Information provided
=== Section Start ===
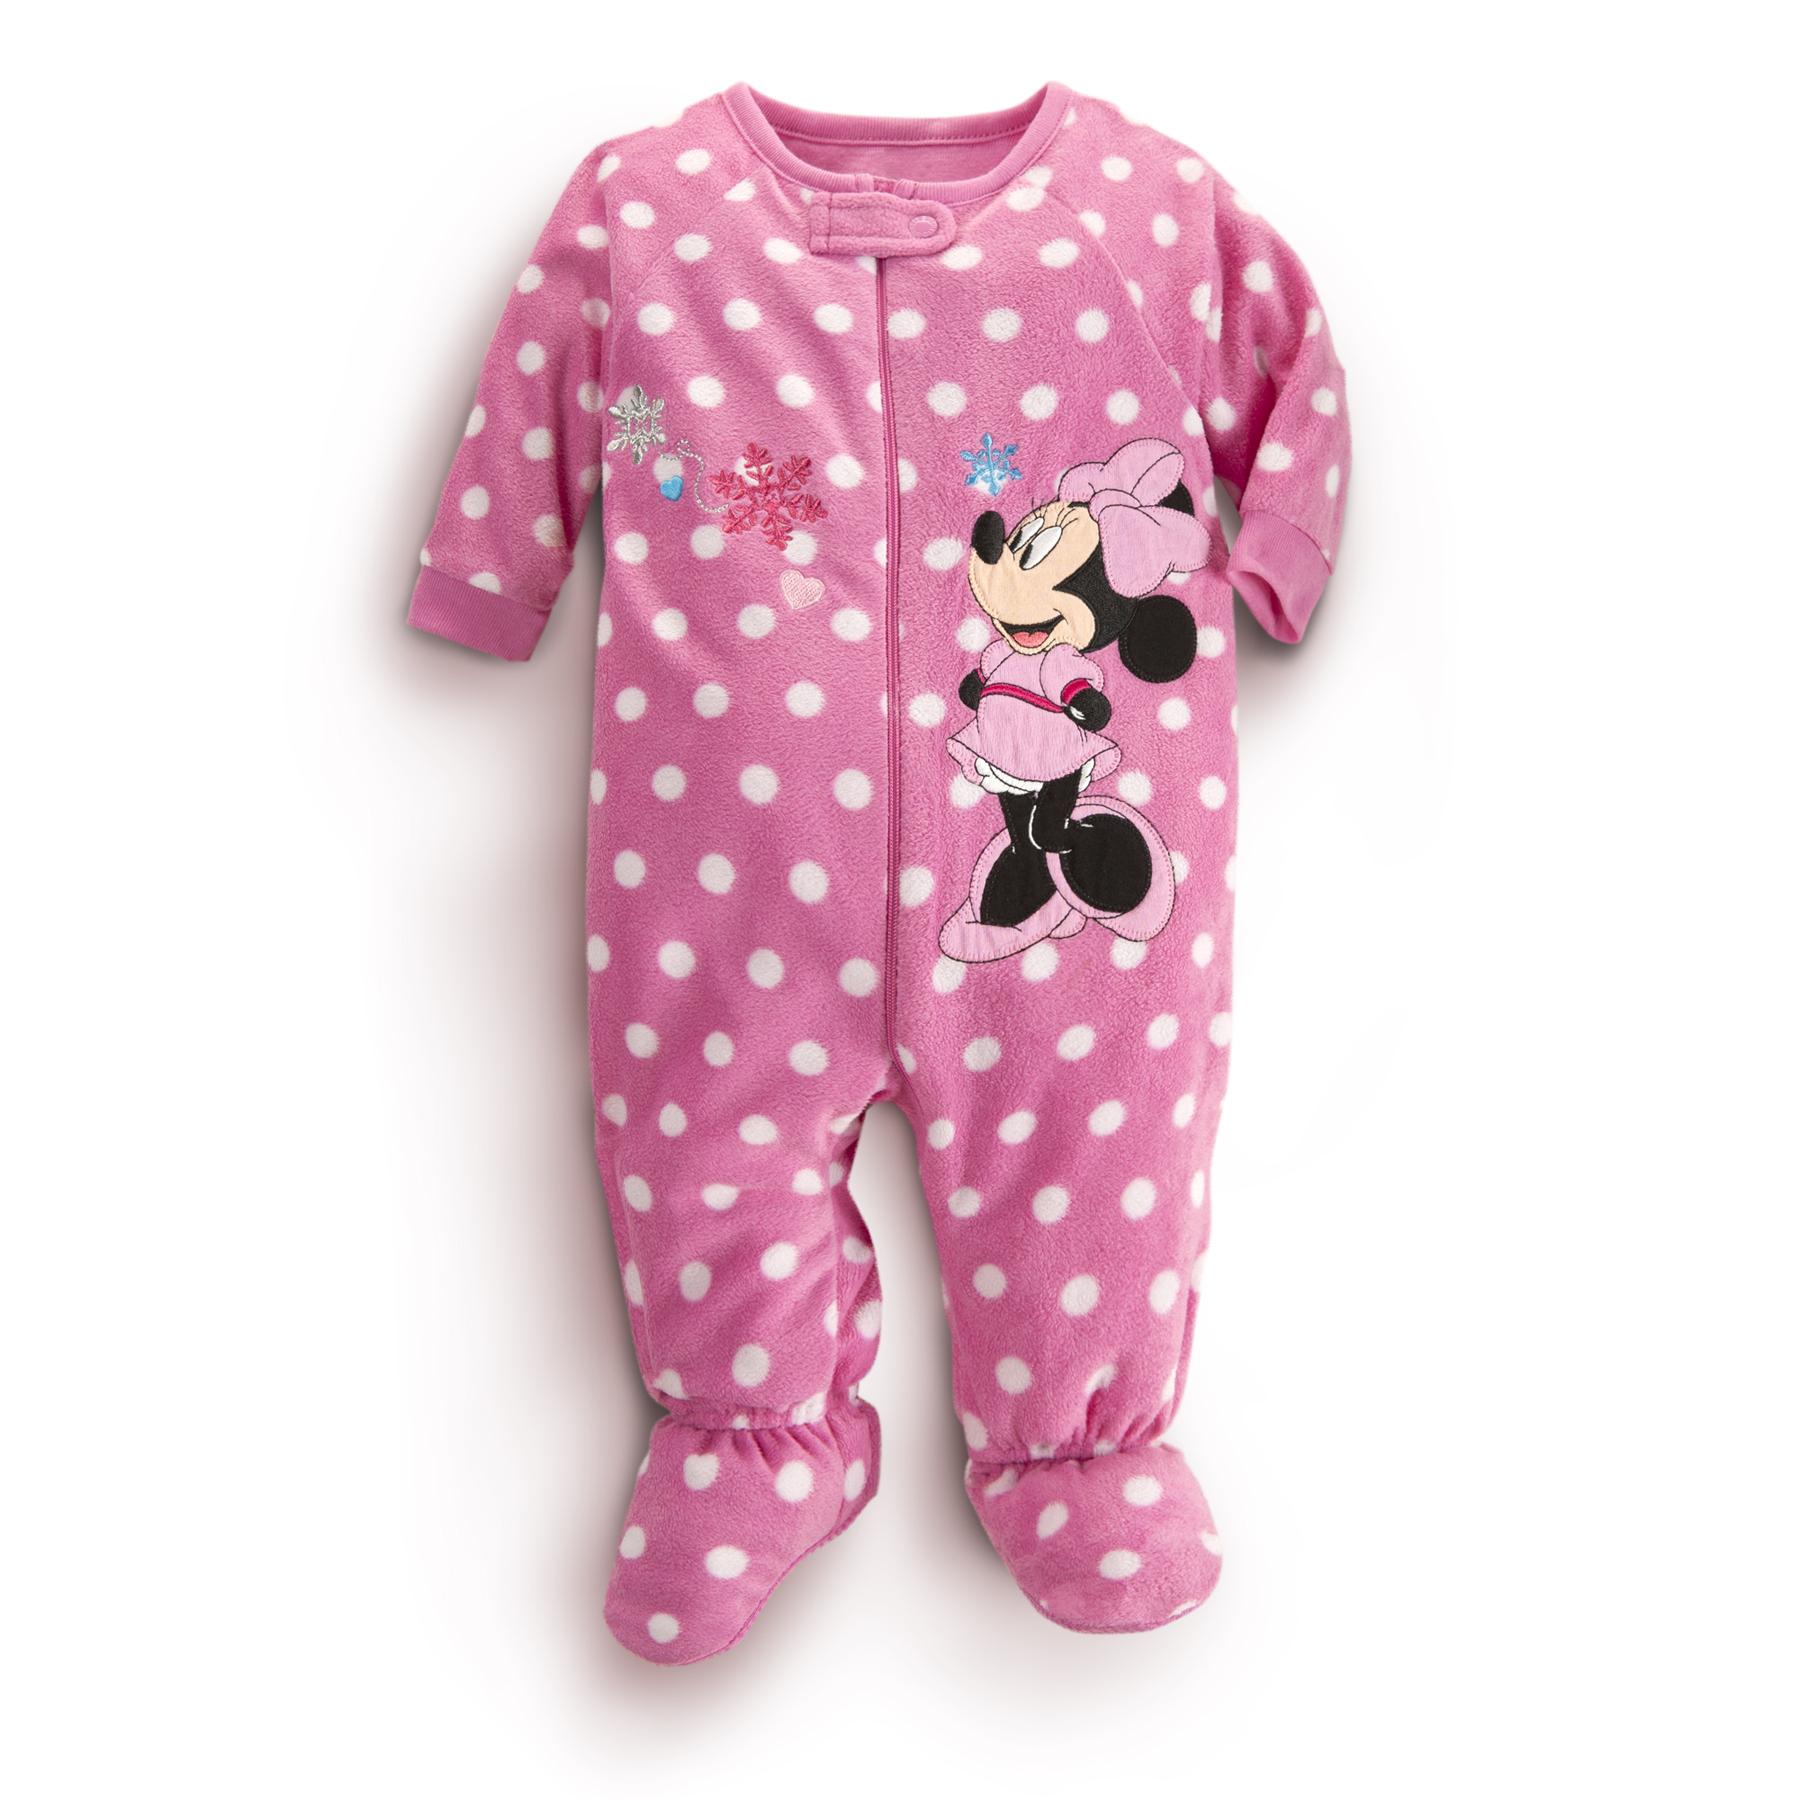 69ea43385c Mibe öltöztessem a babát, kisgyereket ősszel? | MammBa - A baba és ...
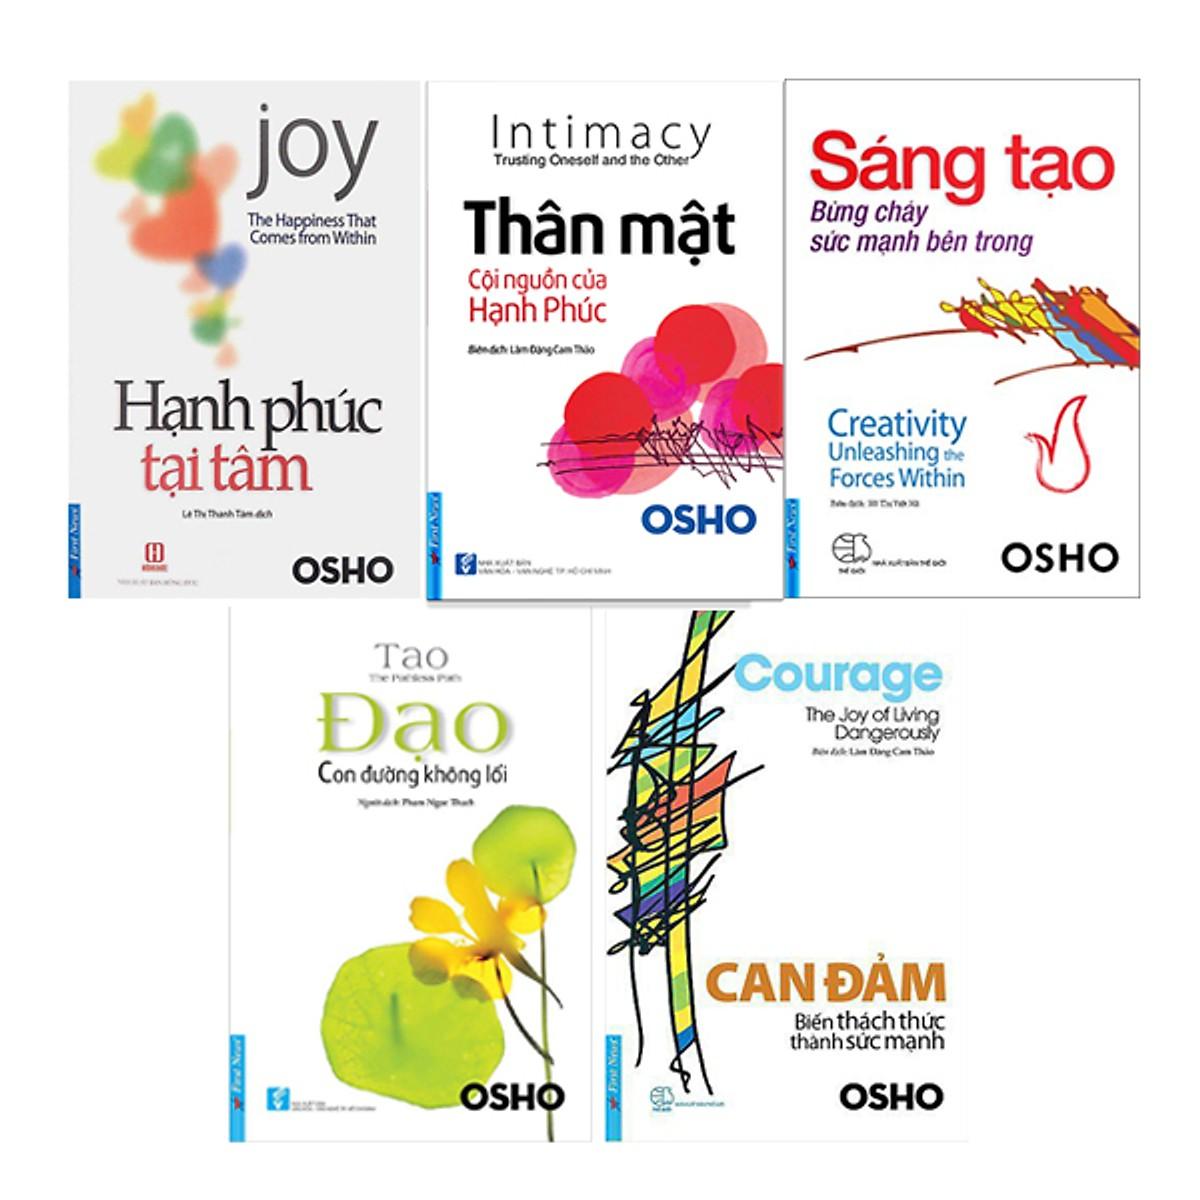 5 quyển sách hay nhất của Osho
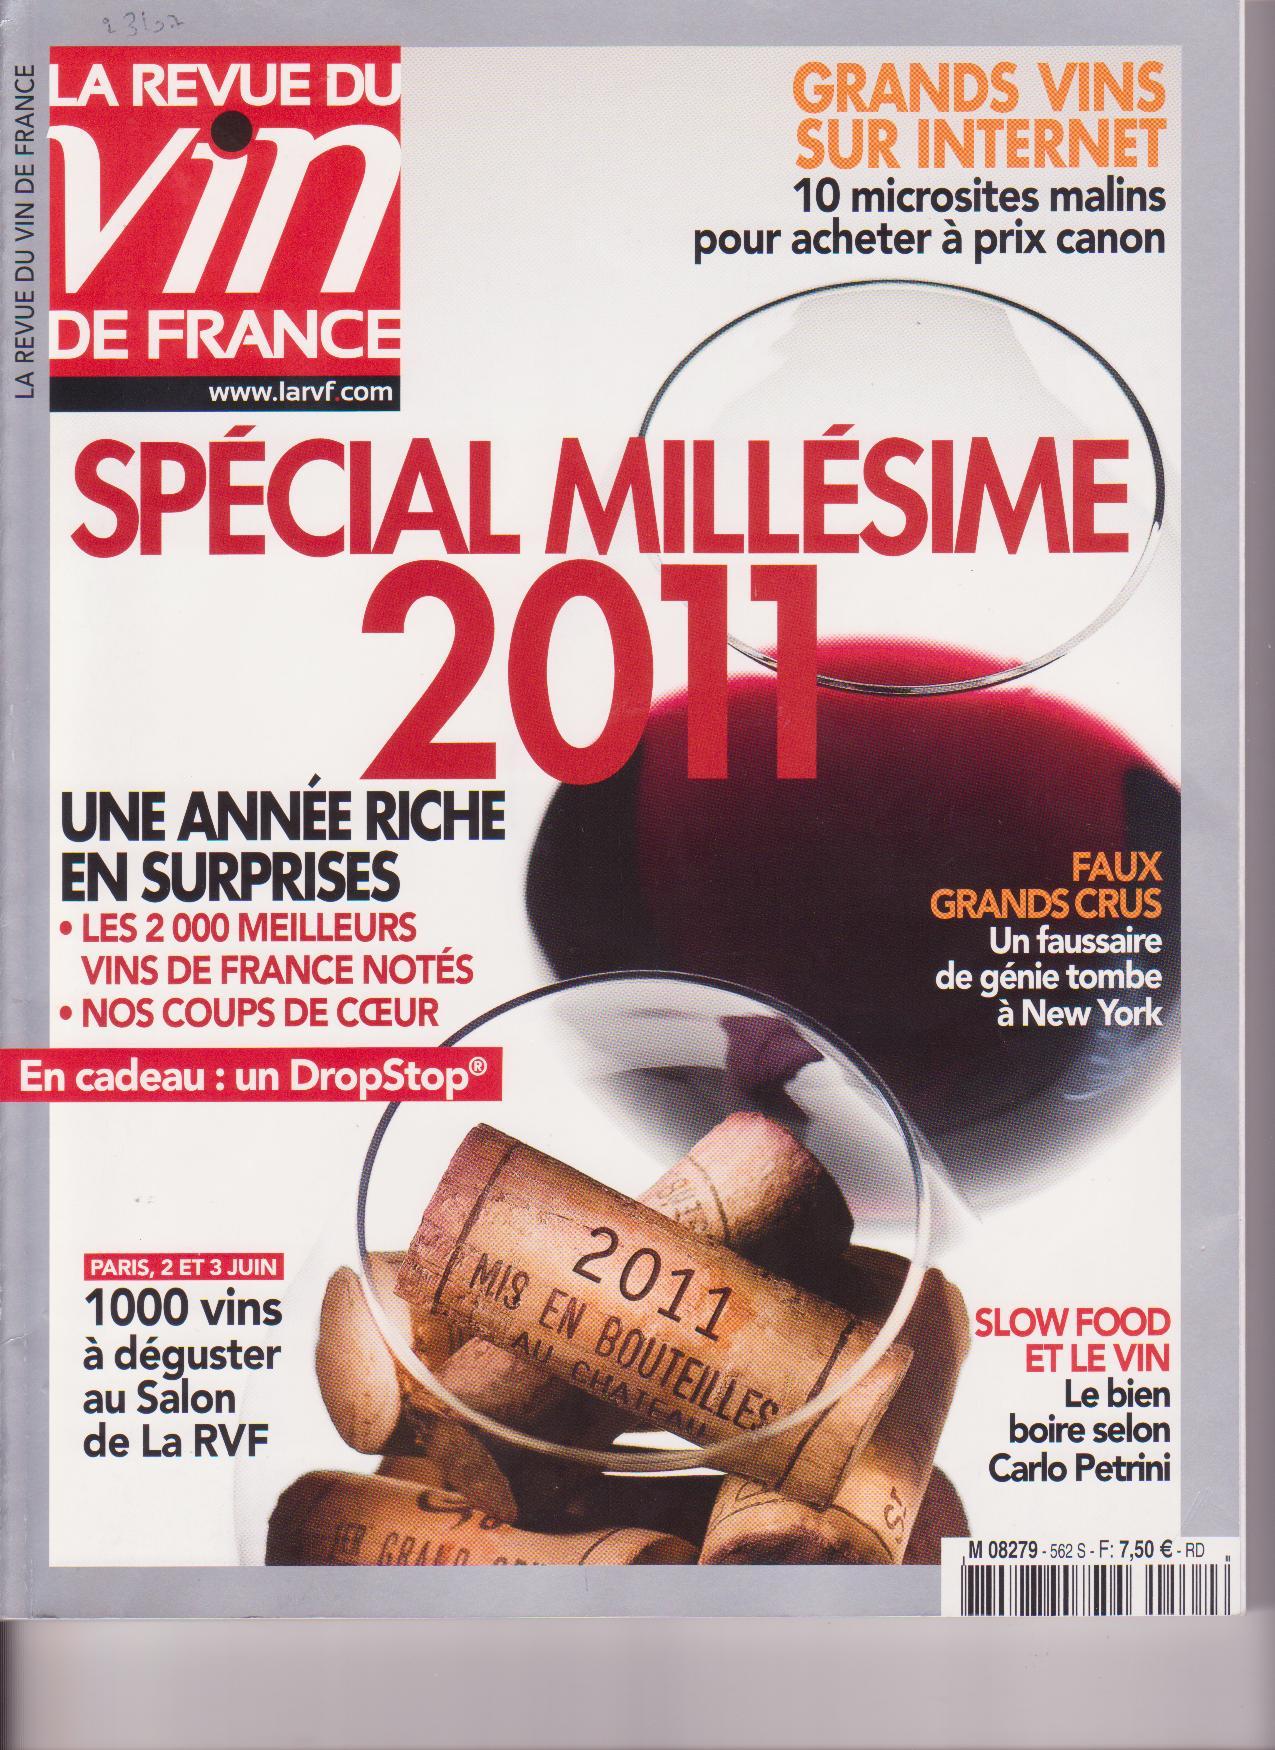 RVF Hors Série 2011
=== Section End ===
Instructions to follow
What you return should be all of the material above, exactly, and none of its pictures.

Result
 69ea43385c Mibe öltöztessem a babát, kisgyereket ősszel? | MammBa - A baba és ...
 5 quyển sách hay nhất của Osho
 RVF Hors Série 2011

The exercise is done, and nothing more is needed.